优化大型表最近行查询的性能 [英] Optimize performance for queries on recent rows of a large table

查看:102
本文介绍了优化大型表最近行查询的性能的处理方法,对大家解决问题具有一定的参考价值,需要的朋友们下面随着小编来一起学习吧!

问题描述

我有一张大桌子:

CREATE TABLE "orders" (
"id" serial NOT NULL,
"person_id" int4,
"created" int4,
CONSTRAINT "orders_pkey" PRIMARY KEY ("id")
);

所有请求中的90%与最近2-3天的<$ c $订单有关c> person_id ,例如:

90% of all requests are about orders from the last 2-3 days by a person_id, like:

select * from orders
where person_id = 1
and created >= extract(epoch from current_timestamp)::int - 60 * 60 * 24 * 3;

如何提高效果?

我知道分区,但是现有行呢?看来我需要每2-3天手动创建 INHERITS 表。

I know about Partitioning, but what about existing rows? And it looks like I need to create INHERITS tables manually every 2-3 days.

推荐答案

A 部分多列在(创建的人_id)上具有伪< IMMUTABLE 条件的索引 会有所帮助(很多)。需要不时地重新创建以保持性能。
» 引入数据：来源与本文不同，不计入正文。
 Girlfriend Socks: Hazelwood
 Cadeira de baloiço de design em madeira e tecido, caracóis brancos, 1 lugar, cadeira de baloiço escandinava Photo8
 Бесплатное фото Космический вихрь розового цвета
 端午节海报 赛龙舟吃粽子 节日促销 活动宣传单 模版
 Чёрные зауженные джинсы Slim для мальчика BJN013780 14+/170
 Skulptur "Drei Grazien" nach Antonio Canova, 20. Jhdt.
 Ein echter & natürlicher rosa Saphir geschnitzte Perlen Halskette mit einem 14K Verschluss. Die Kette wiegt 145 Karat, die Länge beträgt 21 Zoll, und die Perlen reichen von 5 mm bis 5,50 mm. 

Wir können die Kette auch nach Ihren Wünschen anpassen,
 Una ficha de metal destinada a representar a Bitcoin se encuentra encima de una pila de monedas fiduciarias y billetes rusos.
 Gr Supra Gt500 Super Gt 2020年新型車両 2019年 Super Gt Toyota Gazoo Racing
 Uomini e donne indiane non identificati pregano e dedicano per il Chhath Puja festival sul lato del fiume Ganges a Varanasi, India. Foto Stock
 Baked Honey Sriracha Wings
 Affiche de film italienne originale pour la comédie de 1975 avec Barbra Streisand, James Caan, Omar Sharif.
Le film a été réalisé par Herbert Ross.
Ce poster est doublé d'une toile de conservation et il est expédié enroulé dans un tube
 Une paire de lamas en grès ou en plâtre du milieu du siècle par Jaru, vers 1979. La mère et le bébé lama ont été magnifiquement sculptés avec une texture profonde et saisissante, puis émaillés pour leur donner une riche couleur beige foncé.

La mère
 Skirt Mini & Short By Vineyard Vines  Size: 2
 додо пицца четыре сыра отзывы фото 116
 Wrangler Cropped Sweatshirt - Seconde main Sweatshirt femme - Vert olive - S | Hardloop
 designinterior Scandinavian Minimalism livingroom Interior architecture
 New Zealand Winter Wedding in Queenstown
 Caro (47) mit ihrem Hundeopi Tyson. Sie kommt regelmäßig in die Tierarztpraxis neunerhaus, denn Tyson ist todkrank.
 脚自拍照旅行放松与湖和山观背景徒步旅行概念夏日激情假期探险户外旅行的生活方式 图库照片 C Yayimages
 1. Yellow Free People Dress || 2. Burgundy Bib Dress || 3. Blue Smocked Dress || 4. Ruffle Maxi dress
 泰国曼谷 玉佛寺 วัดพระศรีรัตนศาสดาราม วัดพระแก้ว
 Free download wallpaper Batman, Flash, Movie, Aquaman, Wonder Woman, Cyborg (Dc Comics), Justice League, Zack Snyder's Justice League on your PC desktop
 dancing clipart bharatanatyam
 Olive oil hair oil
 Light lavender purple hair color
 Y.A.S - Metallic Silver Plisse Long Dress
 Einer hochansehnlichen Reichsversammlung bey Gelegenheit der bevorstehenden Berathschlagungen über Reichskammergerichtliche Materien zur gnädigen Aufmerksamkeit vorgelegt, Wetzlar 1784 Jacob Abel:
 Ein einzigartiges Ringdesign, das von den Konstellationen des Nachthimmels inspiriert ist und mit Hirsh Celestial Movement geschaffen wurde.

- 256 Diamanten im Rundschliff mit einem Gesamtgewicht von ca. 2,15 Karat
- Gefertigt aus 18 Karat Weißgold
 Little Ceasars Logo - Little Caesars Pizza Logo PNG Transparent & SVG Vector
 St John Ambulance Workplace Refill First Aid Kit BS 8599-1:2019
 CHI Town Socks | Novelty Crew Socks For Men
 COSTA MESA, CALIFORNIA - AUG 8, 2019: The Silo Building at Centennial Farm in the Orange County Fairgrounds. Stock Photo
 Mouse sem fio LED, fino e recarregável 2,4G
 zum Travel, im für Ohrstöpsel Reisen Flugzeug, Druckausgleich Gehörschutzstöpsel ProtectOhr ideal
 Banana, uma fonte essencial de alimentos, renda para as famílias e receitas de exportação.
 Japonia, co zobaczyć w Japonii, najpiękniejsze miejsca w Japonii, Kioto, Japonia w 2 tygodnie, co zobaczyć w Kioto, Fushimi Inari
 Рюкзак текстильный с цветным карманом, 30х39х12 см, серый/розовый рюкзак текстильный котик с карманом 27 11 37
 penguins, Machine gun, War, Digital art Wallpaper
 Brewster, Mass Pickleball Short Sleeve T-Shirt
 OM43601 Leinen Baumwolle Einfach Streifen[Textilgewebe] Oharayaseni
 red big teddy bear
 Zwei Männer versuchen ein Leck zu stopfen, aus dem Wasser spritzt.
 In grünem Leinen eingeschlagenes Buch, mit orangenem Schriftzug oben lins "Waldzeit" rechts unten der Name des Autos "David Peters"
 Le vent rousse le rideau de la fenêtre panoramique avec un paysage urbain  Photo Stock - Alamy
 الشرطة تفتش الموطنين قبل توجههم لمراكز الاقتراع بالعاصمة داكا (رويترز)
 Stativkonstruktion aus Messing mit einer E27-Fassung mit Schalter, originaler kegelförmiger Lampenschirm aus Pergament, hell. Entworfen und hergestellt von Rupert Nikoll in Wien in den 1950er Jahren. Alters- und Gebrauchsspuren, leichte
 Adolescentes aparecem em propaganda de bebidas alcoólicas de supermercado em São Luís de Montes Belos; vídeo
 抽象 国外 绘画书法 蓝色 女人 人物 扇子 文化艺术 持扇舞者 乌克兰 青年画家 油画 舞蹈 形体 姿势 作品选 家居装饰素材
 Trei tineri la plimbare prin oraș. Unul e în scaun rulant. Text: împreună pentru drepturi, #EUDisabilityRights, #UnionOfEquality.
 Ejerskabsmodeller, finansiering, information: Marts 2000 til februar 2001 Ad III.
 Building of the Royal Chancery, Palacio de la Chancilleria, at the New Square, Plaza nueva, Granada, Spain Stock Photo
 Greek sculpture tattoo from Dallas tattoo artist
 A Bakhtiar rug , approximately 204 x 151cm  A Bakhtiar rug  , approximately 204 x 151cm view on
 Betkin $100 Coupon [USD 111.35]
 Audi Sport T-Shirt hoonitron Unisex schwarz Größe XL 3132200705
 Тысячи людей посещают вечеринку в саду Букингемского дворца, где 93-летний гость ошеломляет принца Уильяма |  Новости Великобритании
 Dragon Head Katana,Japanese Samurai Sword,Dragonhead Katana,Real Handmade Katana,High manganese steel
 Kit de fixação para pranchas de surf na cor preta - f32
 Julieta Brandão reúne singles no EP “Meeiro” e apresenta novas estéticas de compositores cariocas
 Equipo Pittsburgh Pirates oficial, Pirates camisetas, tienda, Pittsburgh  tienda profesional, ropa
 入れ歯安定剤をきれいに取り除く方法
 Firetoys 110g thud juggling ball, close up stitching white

A partial, multicolumn index on (person_id, created) with a pseudo-IMMUTABLE condition would help (a lot). Needs to be recreated from time to time to keep performance up.

注意,如果表不是很大,则可以在很大程度上简化并使用普通的多列索引。

或考虑在表分区 Postgres 12或更高版本(功能最终成熟)。

Note, if your table is not very big, you can largely simplify and use a plain multicolumn index.
Or consider table partitioning in Postgres 12 or later (where the feature finally matured).

原始的函数提供恒定的时间点3或再过几天(在您的情况下,以Unix纪元表示):

A primitive function provides a constant point in time, 3 or more days back (represented by a unix epoch in your case):

CREATE OR REPLACE FUNCTION f_orders_idx_start()
  RETURNS int LANGUAGE sql IMMUTABLE PARALLEL SAFE COST 1 AS
'SELECT 1387497600';

并行安全仅适用于Postgres 10或更高版本。

1387497600 是以下结果的结果:

PARALLEL SAFE only for Postgres 10 or later.
1387497600 being the result of:

SELECT extract(epoch from now())::integer - 259200;
-- 259200 being the result of 60 * 60 * 24 * 3

<在此伪 IMMUTABLE 条件下,strong>局部索引:

Base your partial index on this pseudo-IMMUTABLE condition:

CREATE INDEX orders_created_recent_idx ON orders (person_id, created)
WHERE created >= f_orders_idx_start();

在相同条件下基于查询

SELECT *
FROM   orders
WHERE  person_id = 1
AND    created >= f_orders_idx_start()  -- match partial idx condition
AND    created >= extract(epoch from now())::integer - 259200;  -- actual condition

并创建> = f_orders_idx_start()似乎是多余的,但有助于说服Postgres使用部分索引。

The line AND created >= f_orders_idx_start() seems redundant, but is instrumental to convince Postgres to use the partial index.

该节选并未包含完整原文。